Basis sets¶
vibe-qc ships two categories of Gaussian basis sets:
Standard molecular bases — the 90 Pople, Dunning, def2, Sapporo, ANO, and core-valence sets bundled with libint. Accessed by the standard name (
"sto-3g","6-31g*","cc-pvdz","def2-tzvp", …).pob-* basis sets from the Peintinger-Vilela-Oliveira-Bredow family — triple- and double-zeta bases designed to avoid the small-exponent linear-dependency problem that afflicts standard molecular bases in periodic calculations. Accessed by the names
"pob-tzvp","pob-tzvp-rev2", and"pob-dzvp-rev2".
Using a basis set¶
from vibeqc import BasisSet
basis = BasisSet(mol, "pob-tzvp")
print(basis.nbasis()) # number of basis functions
pob-* basis sets in detail¶
The pob-* sets were designed around the CRYSTAL code’s requirements for solid-state calculations. Standard molecular TZVP bases contain very diffuse functions that, when periodic images overlap across unit cells, produce near-linear-dependent basis sets — SCF convergence suffers or fails outright. The pob family tightens those functions to make them usable in solids.
Coverage¶
Name |
Elements |
Reference |
|---|---|---|
pob-TZVP |
H–Br (32) |
Peintinger, Vilela Oliveira, Bredow, J. Comput. Chem. 34, 451 (2013) |
pob-TZVP-rev2 |
H–Br (32) |
Vilela Oliveira, Laun, Peintinger, Bredow, J. Comput. Chem. 40, 2364 (2019) |
pob-DZVP-rev2 |
subset (19) |
(same as above) |
Heavy elements¶
The pob-* archives for Rb–I (up to Z=53), Cs–Po (to Z=84), and
La–Lu (Z=57–71) require effective core potentials. vibe-qc’s CRYSTAL
parser recognises the ECP blocks in those files but the integral
engine currently handles only all-electron shells. Running one of
these bases raises NotImplementedError until the
libecpint integration lands.
See the roadmap (libecpint lands in v0.4.0).

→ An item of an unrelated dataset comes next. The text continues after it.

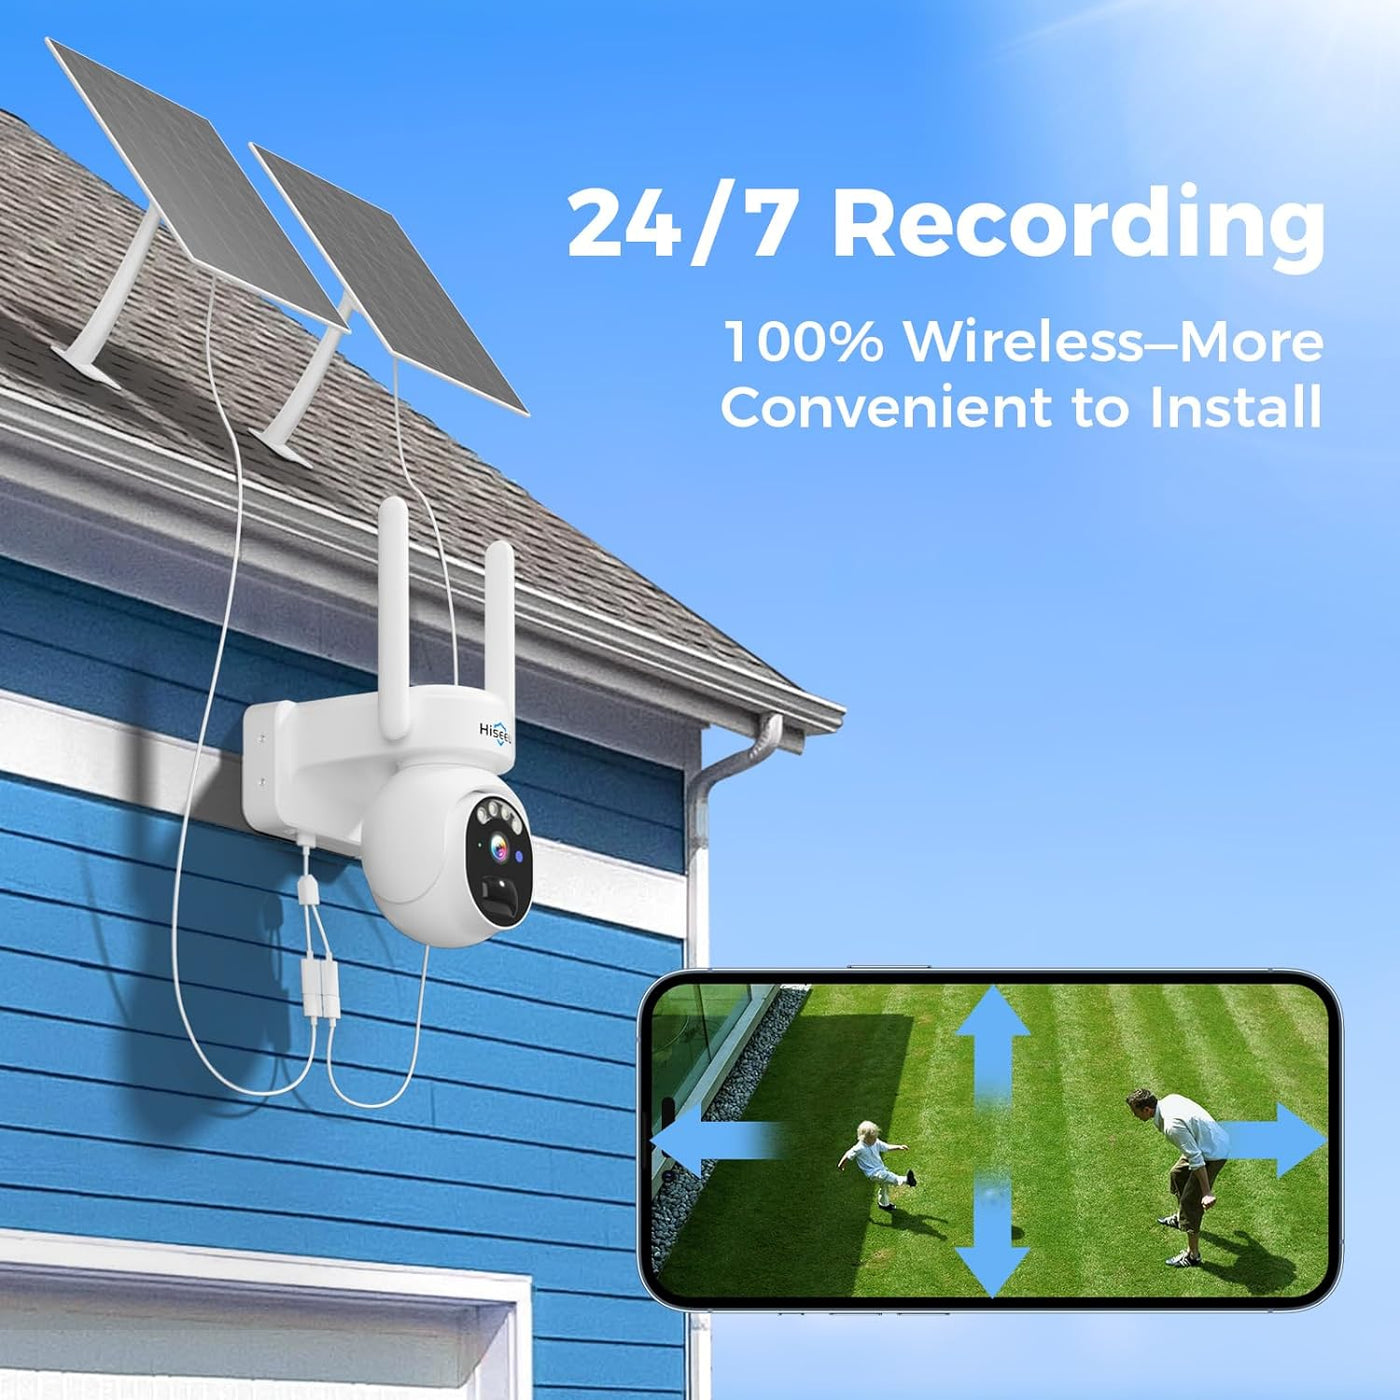 Hiseeu 24/7 Recording Solar Camera Outdoor, 4MP Wireless Home Security Camera, PTZ 360° View, PIR Motion Detection, Color Night Vision, IP66, 2-Way Audio, 2.4G WiFi, No Monthly Fee

Re-fetching the pob-* library¶
Because we ship the .g94 conversions in the repository, a fresh
clone already has them under basis_library/custom/. If you want to
re-fetch from the Bredow group server (e.g. for a future revision):
python -m vibeqc.basis_crystal fetch
./scripts/setup_basis_library.sh
The fetcher writes to basis_library/custom/; the setup script
assembles basis_library/basis/ from libint’s stock set plus those
customs.
Parsing a CRYSTAL-format basis directly¶
from vibeqc.basis_crystal import parse_crystal_atom_basis_file, emit_g94
atom = parse_crystal_atom_basis_file("path/to/06_C")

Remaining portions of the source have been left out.